The report claims to be the first to synthesize a wide-range of research into gun safety and children.
Two separate studies showed that children who received gun safety education were just as likely to play with a gun as children who had not had the training.
"The empirical evidence shows that these programs aimed at children are ineffective, and by telling children to say no we may even be increasing the allure," said Majorie Hardy, psychology professor at Eckard College in Florida and an author of the report.
Parents were highly resistant to education about safe storage of guns, she said, although experts were encouraged by the slow but steady success of parent education in campaigns such as seating children in the back of cars.
Stephen Teret, the director of the Center for Gun Law and the Public's Health at Johns Hopkins University and another author of the report, said many gun deaths could be prevented by simple safety features, such as an indicator that shows when a gun is loaded. Many teenage boys kill or injure each other by playing with guns they believe are empty.

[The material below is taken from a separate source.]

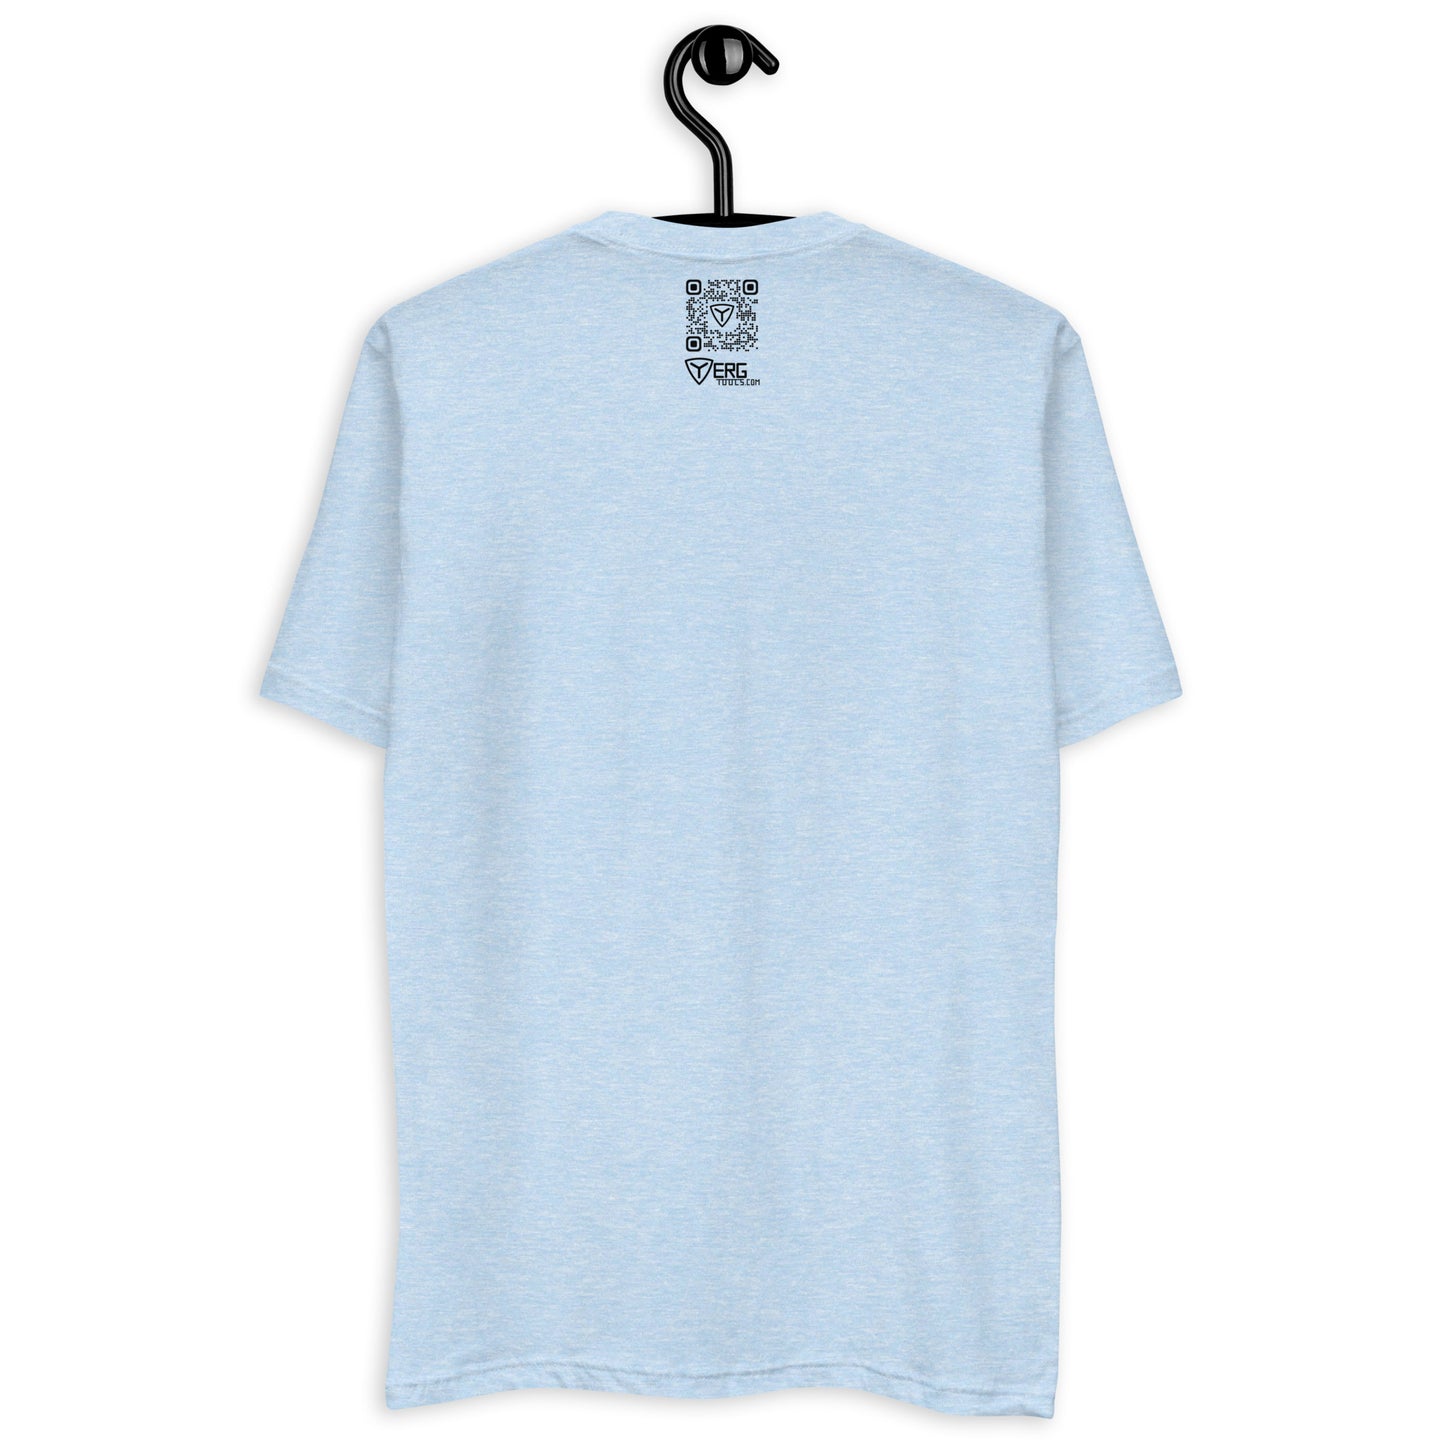 Yerg Skrȳb Silhouette T-shirt

Some parents worry that safeguards would limit their ability to defend themselves, he said, although research shows the family is much more at risk from the gun in the house than an intruder.
"This is a public health issue, like driving. We didn't just warn people about the risks of driving, we made cars safer," Teret said.

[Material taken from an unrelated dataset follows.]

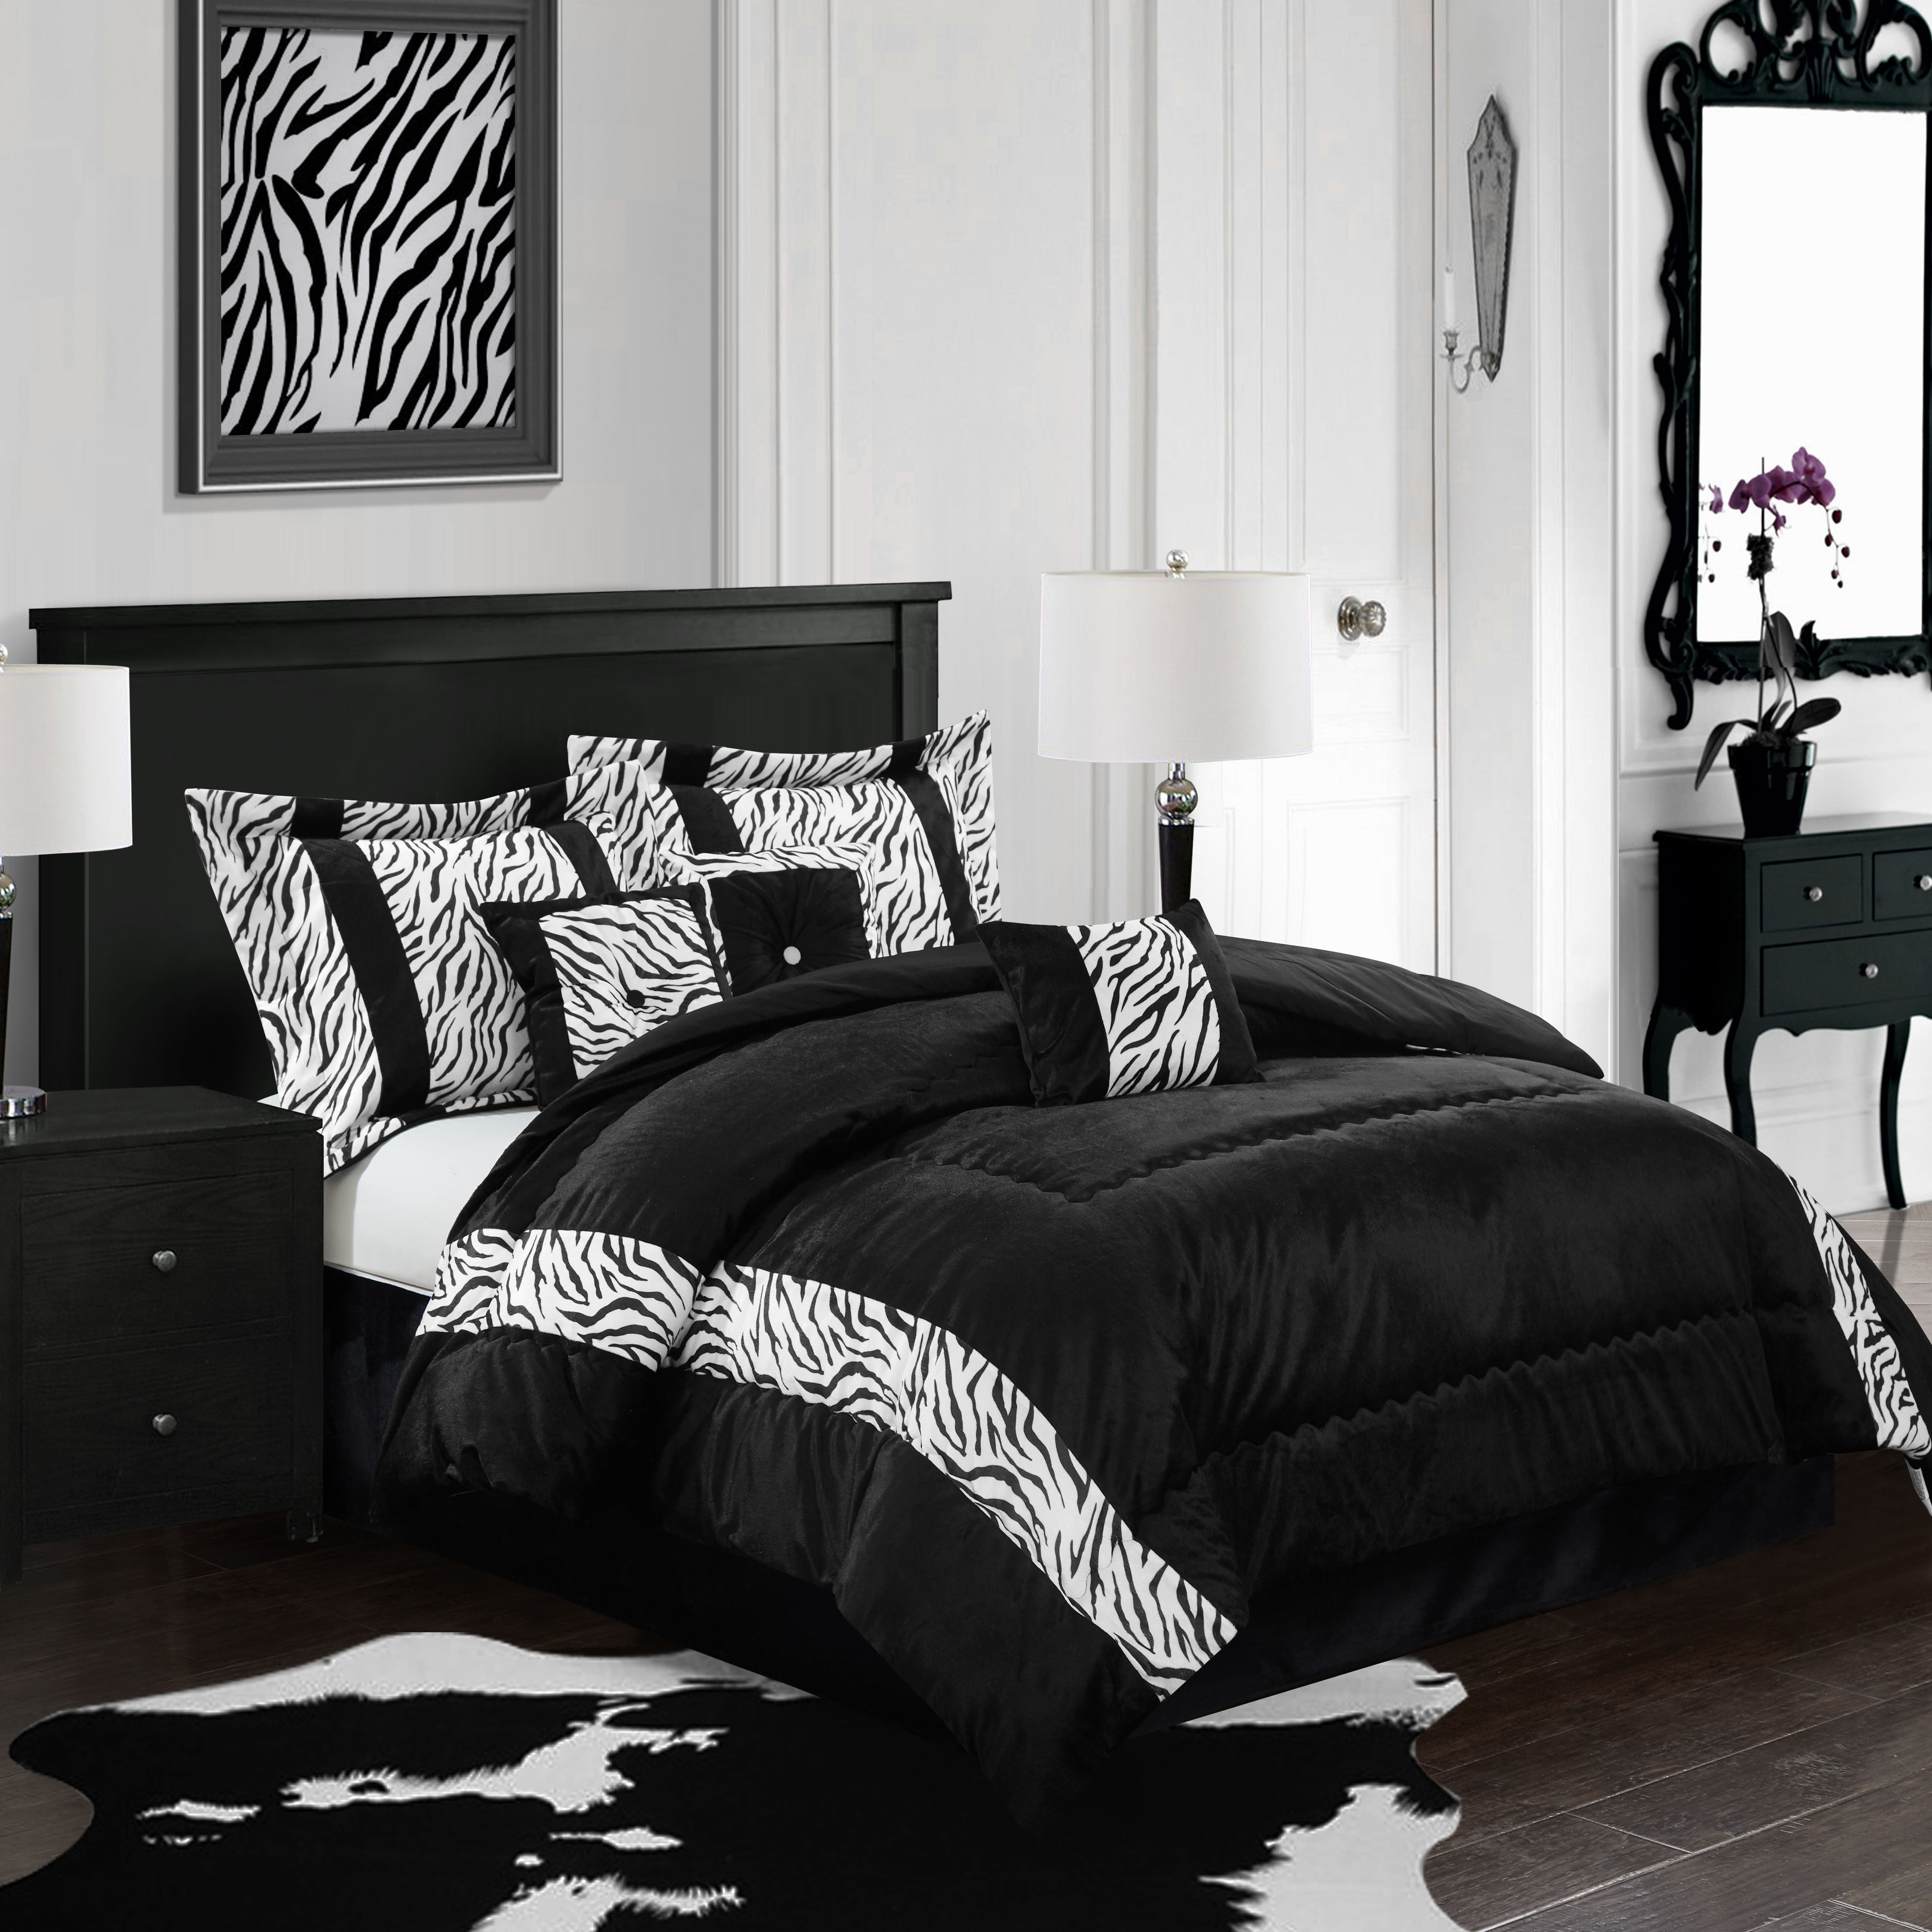 Mali 7-Piece Bedding Comforter Set, Black and White ...

NRA spokesman Andrew Arulanandam said the NRA could not comment because it had not studied the report. He defended the Eddie Eagle campaign: "It is widely taught to children and widely acclaimed and we're confident it is an effective program."
The National Shooting Sports Foundation said the decline in youth deaths and injuries in the last decade indicated education works. From 1993 to 1998, the firearms death rate for those under 20 declined by nearly 50 per cent, according to the National Center for Health Statistics.
The Packard report "doesn't pass the reality test," said Paul Erhardt, a spokesman for the shooting foundation.
But yet state mandated sex education is the best solution to teen pregnancy, unwed mothers, etc..
Kellerman's "a gun in the home is 43 times more likely to kill friend or family than an unknown intruder" strikes again. Except that protection isn't only measured in dead bodies, and most of the friends and family killed are suicides, and many of the remainder are criminals killing each other in their homes. Even liar Kellerman himself retracted the number and corrected it to 22-to-1 - but the lower number isstill deceptive for the same reasons.
Lie, distort, mislead ... par for the course for, indeed, the very bread and butter of, gun grabbers.
Amazing, huh?
I love how they always say this - "leave guns lying around the house". I get the vision of one over there on the coffee table, two in the sink, another in the crib and a couple on the floor at the top of the stairs. You know, like real life.